[Data supplied]
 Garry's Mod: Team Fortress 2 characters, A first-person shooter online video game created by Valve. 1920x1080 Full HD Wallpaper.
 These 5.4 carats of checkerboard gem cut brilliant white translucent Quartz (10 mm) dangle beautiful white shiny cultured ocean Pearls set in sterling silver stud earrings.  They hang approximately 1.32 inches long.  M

* * *

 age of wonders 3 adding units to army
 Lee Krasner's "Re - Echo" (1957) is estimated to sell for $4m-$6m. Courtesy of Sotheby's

* * *

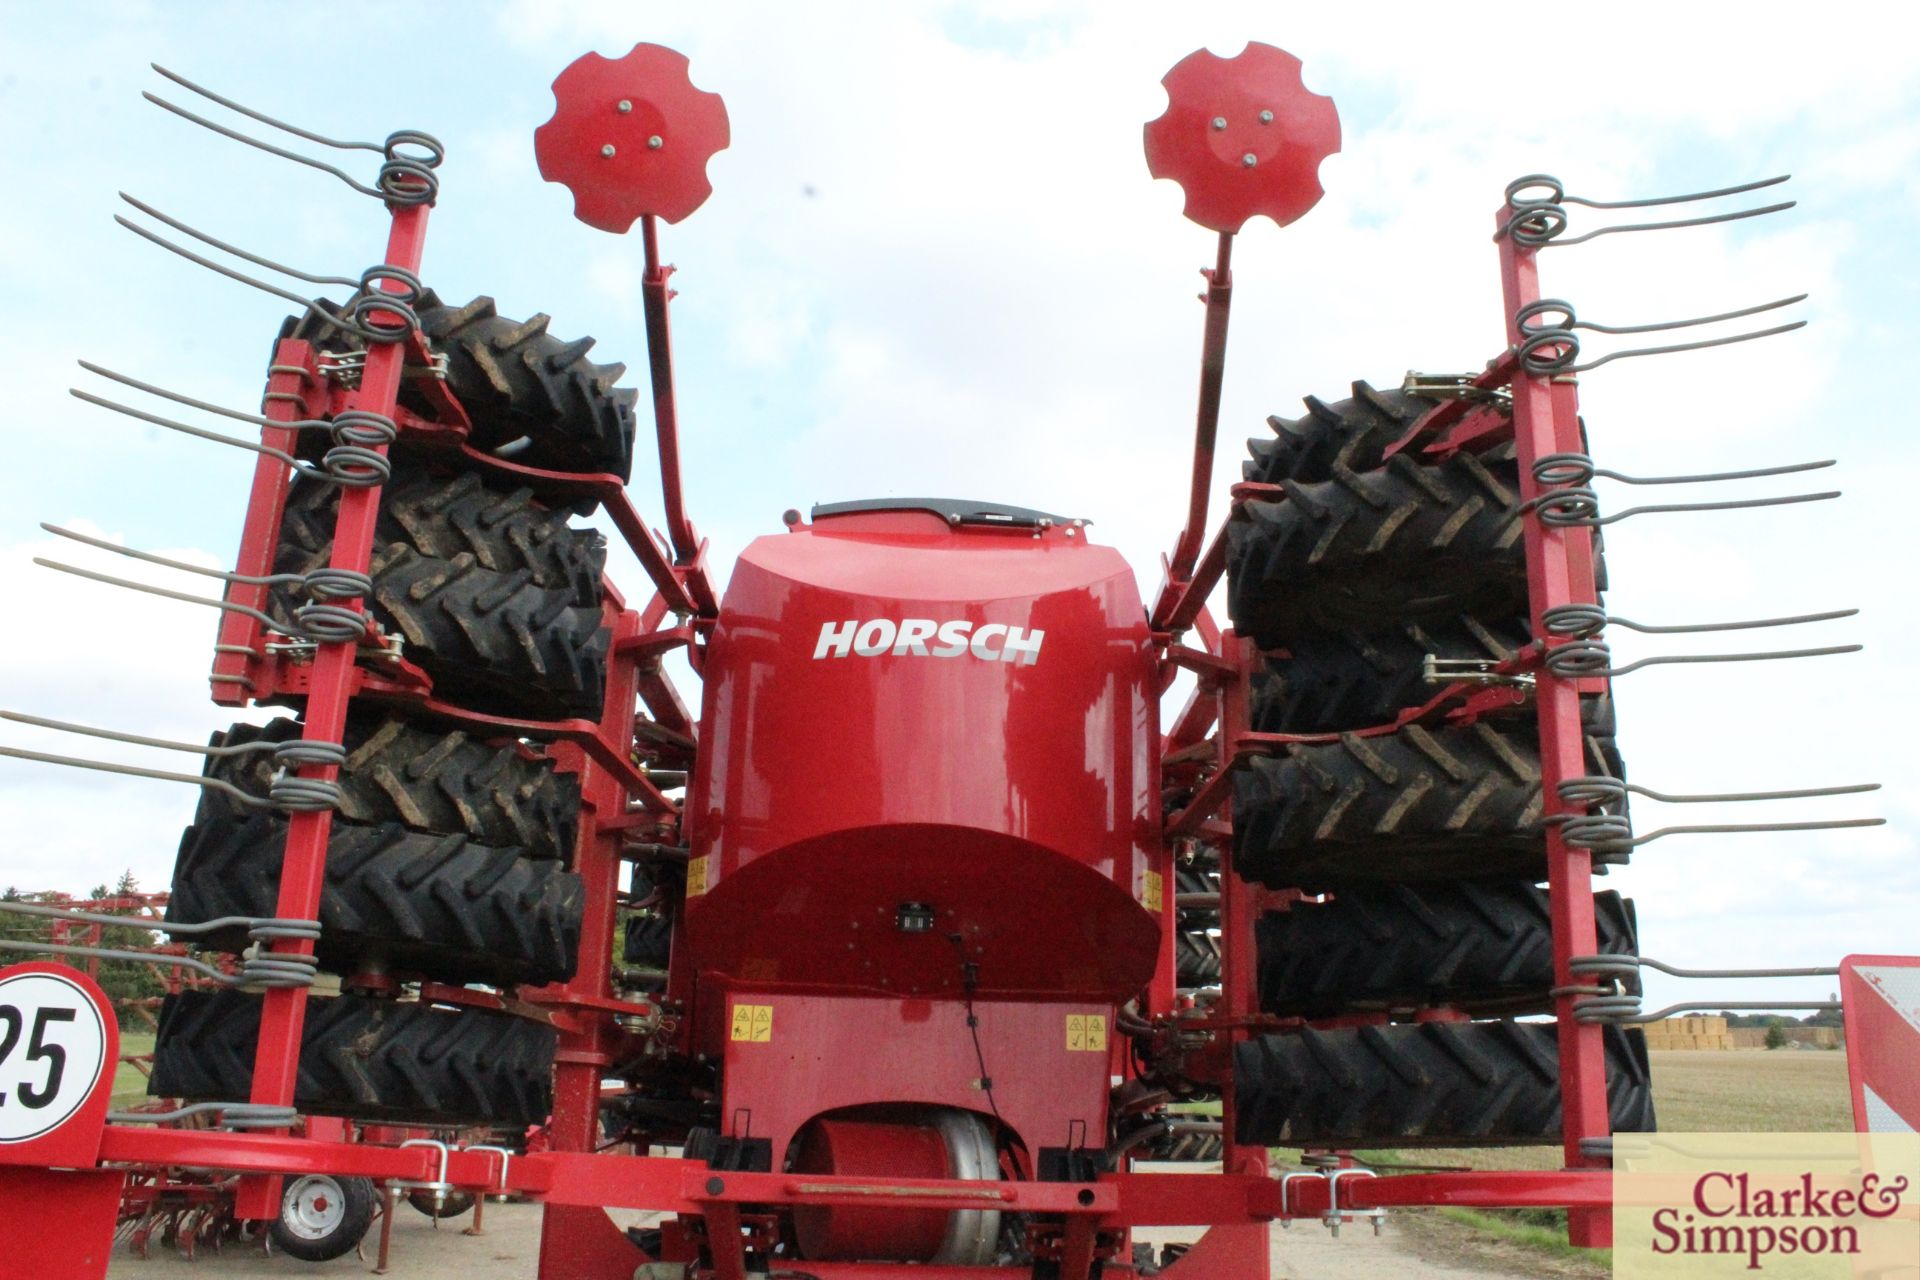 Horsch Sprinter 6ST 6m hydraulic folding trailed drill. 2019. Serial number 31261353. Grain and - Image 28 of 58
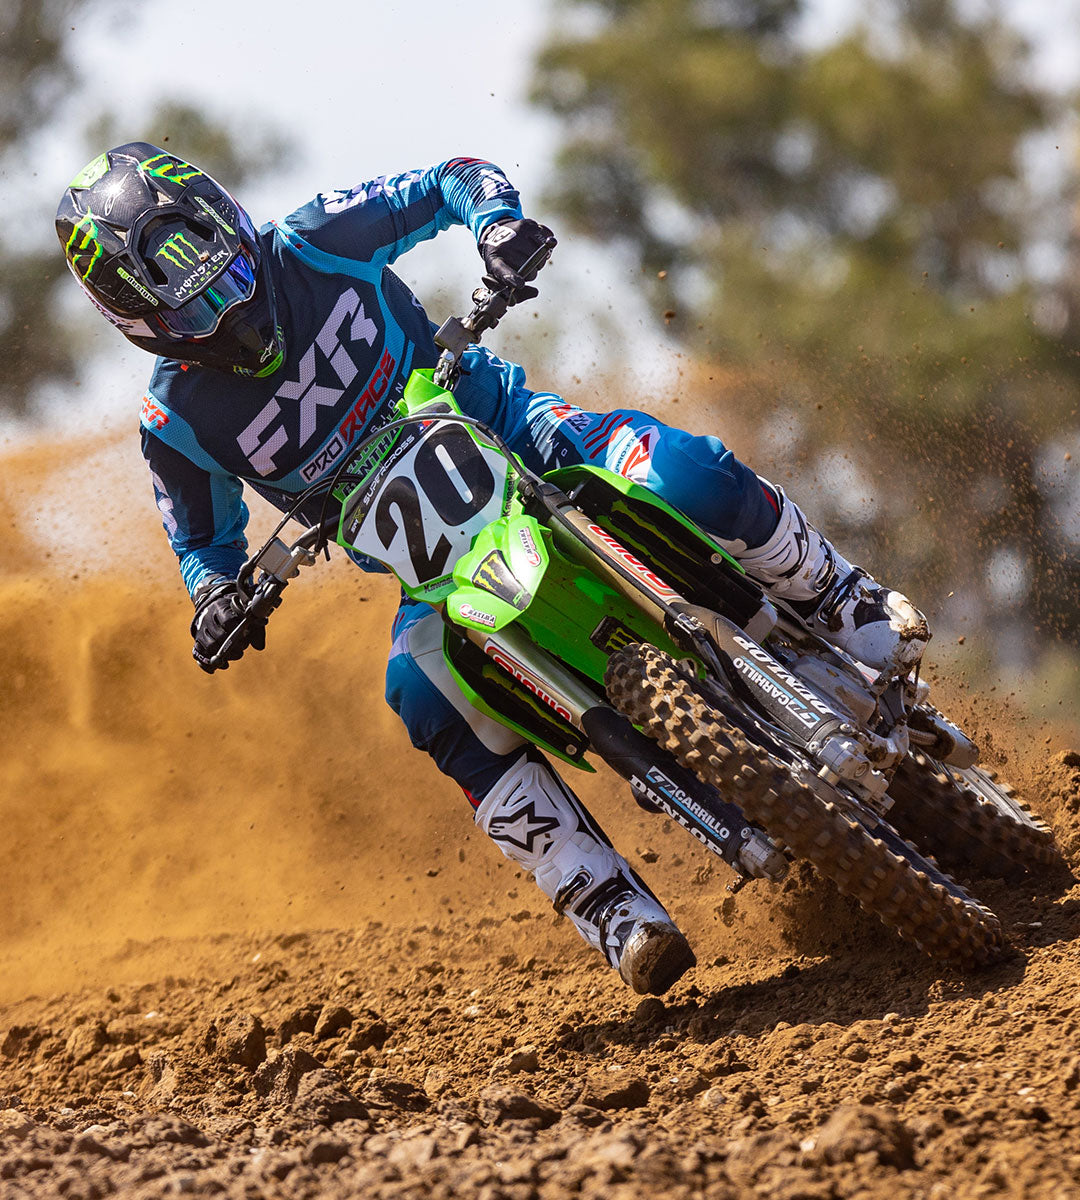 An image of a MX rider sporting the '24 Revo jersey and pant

[Aim of the task]
Within the listing above, extract exactly the lines from the line with "Garry's Mod: Team" to the line with "These 5.4 carats", the two named lines included, and no others.

[Result of the task]
 Garry's Mod: Team Fortress 2 characters, A first-person shooter online video game created by Valve. 1920x1080 Full HD Wallpaper.
 These 5.4 carats of checkerboard gem cut brilliant white translucent Quartz (10 mm) dangle beautiful white shiny cultured ocean Pearls set in sterling silver stud earrings.  They hang approximately 1.32 inches long.  M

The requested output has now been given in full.